# I feel completely backwards on a Snowboard...



## Argo (Feb 25, 2010)

How long have you been snowboarding where do you ride and what are you riding?


----------



## ridinbend (Aug 2, 2012)

I had a friend that surfed regular and skated goofy. If it really feels that backwards switch it up. 

Help us out by posting a picture of your snowboard and the binding angles you used.


----------



## Krisperr (Jan 27, 2013)

I've snowboarded since I was about 16, so 6 years now, but I never really got out more than 3 times a year until last year when I got my own car and a season pass. I went 20+ times and constantly hit our downhill mtb trails during weekdays. Riding is no issue for me, I can carve fairly well Reg and Switch and ride most trails both ways. But I am 100x more comfortable riding Reg. 

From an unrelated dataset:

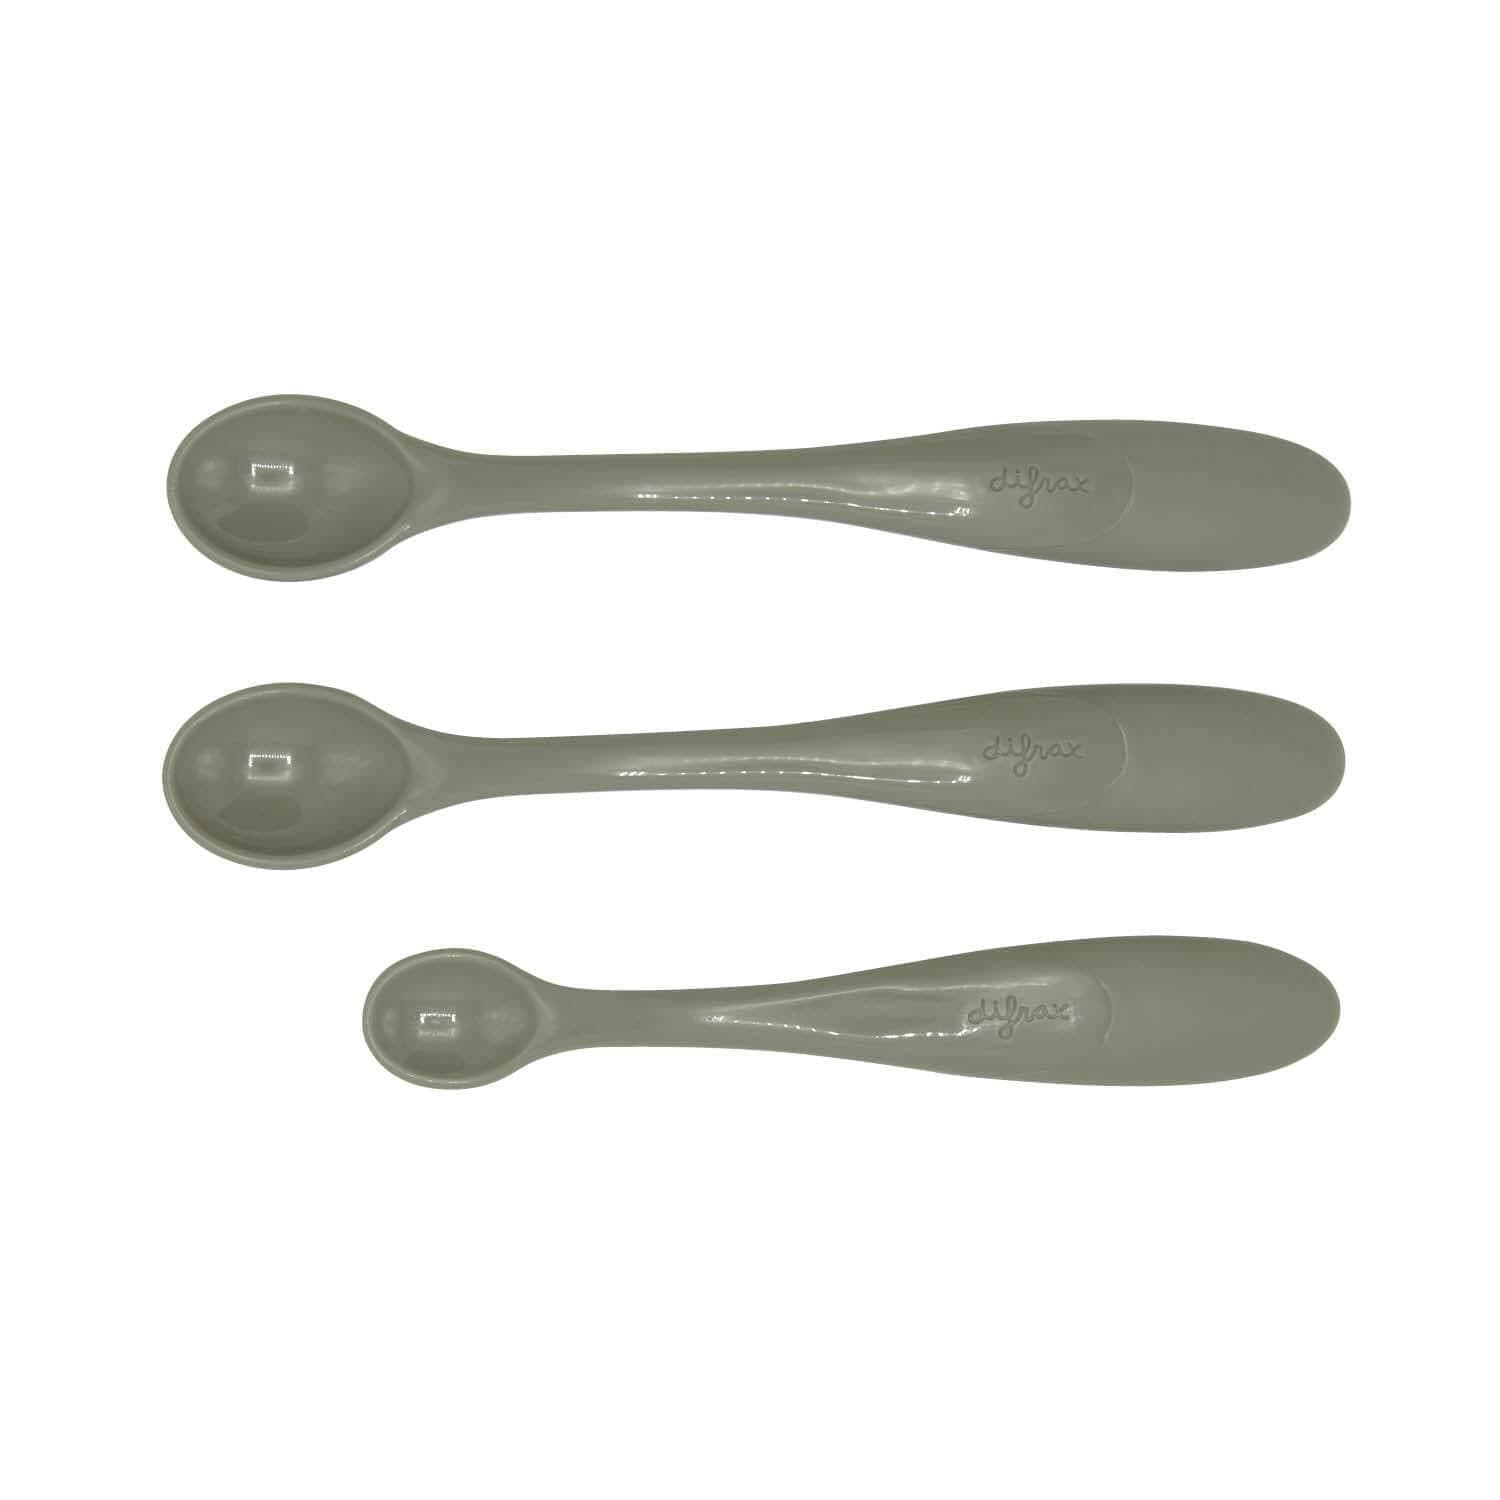 Weaning spoons for baby food

But when it comes down to tricks I can't really do anything normal. I actually just learned tonight on a small pipe that I can hold a nollie front board easily, but every time I do a regular front board I slip out immediately and fall on my face haha. It seems like any trick I do regularly I put way too much weight behind me, but nollie I'll even out my weight much better. I'm working on it but I just find it really strange.

Another issue I'm having now is while doing flat 360's, I'm used to putting more weight towards the front of me to get that extra pivot at the end on a skateboard, but obviously on snowboard you just cut in and fall. So I guess my overall problem is just my weight balance is really messed up and I'll just have to work on it for a while. Does anyone have any tricks to do so? Like I said when I'm just riding I feel perfect and have no issues doing harder trails/sections in both stances. It's just when it comes to rails/jumps I'm not distributing my weight properly and I can't figure out why.

This is my set up, I'm fairly duckfooted off my board so I'm riding I +18 -6 (or 9 maybe).


----------



## speedjason (May 2, 2013)

Yea it's a bit different snowboarding and skating. Snowboarding you use edges and skate boarding, you use the trucks.
Front to back balance is a lot more sensitive when snowboarding.
Ollie is a bit different too because you sort of kick up the skateboard on the tail but snowboard you are actually bending the tail of the board to get the pop.
Hey I've seen people pushing snowboards mongo and it's whack not only on skateboard.


----------